4. Get Paid in Skills, Sponsorship, And Scope
When salary increases are capped, negotiate the things that compound. These could include a stretch assignment, budget for a credential, seat on a cross-functional task force, access to an executive sponsor, or time to lead an internal AI pilot.
These don’t show up on your paystub, but do show up on your next offer letter. Think of compensation as a portfolio, not a paycheck. There is extensive research on the role of sponsors versus mentors and their impact on your career; sponsors spend their political capital on you. That’s worth negotiating for.
5. Build a Public Point Of View
External visibility tends to indirectly (and directly) raise your internal value. When you publish a thoughtful LinkedIn post, speak on a panel, or get quoted in a trade publication, two things happen. Your employer sees you as a brand asset. And your market sees you, full stop. You don’t need a million followers. You need a credible point of view in a defined niche.
Start with one topic you genuinely care about, and get yourself in front of peers, industry colleagues, and relevant stakeholders. Twelve months of consistency will out-perform twelve months of perfection.
Final Reflection on Market Value
Increasing your market value isn’t about plotting your escape. It’s about making sure that wherever you choose to be—here, somewhere new, or somewhere you haven’t imagined yet—you’re choosing from a position of strength, not scarcity.
The best time to grow your market value was five years ago. The second best time is the Monday morning after you read this.

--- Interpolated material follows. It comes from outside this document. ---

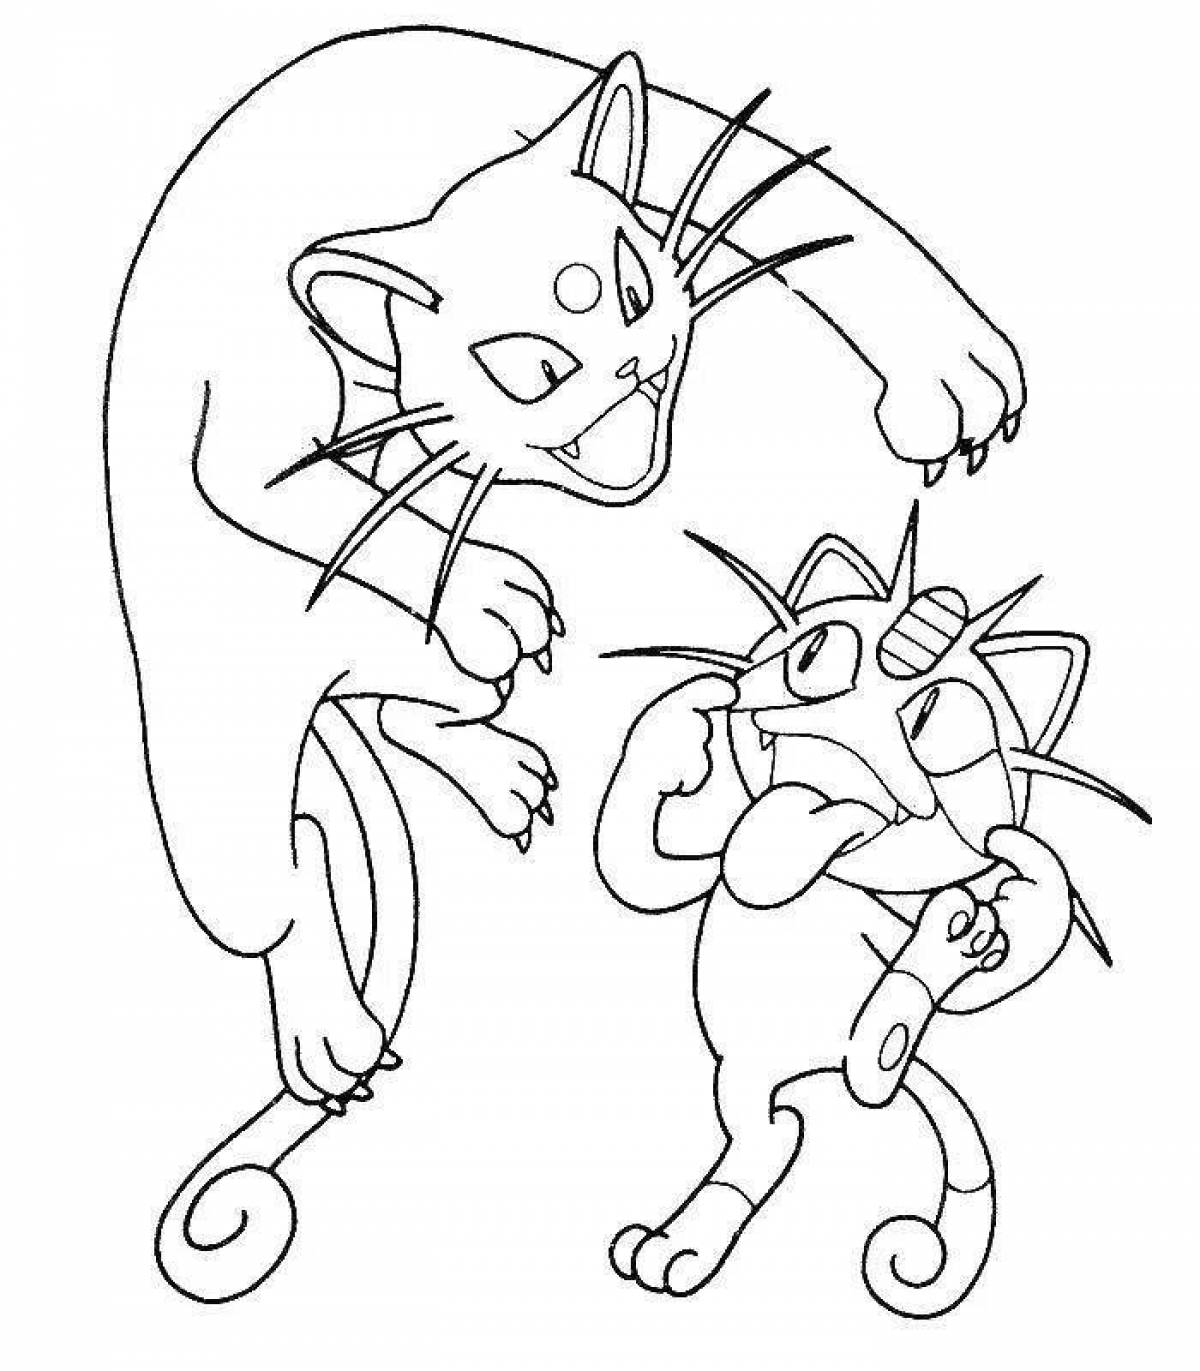 Awesome chooch meow coloring page

You don’t need a sabbatical to get start. Try these four small steps:
- Write down and quantify the three results you’re most proud of from the last year.
- Identify one scarcity skill to build over the next twelve months.
- Book one internal coffee with someone whose career you admire.
- Draft one short LinkedIn post about something you learned recently.
Build like you’re staying, but be ready like you’re not. That’s a leadership trait you can exercise without a leader title.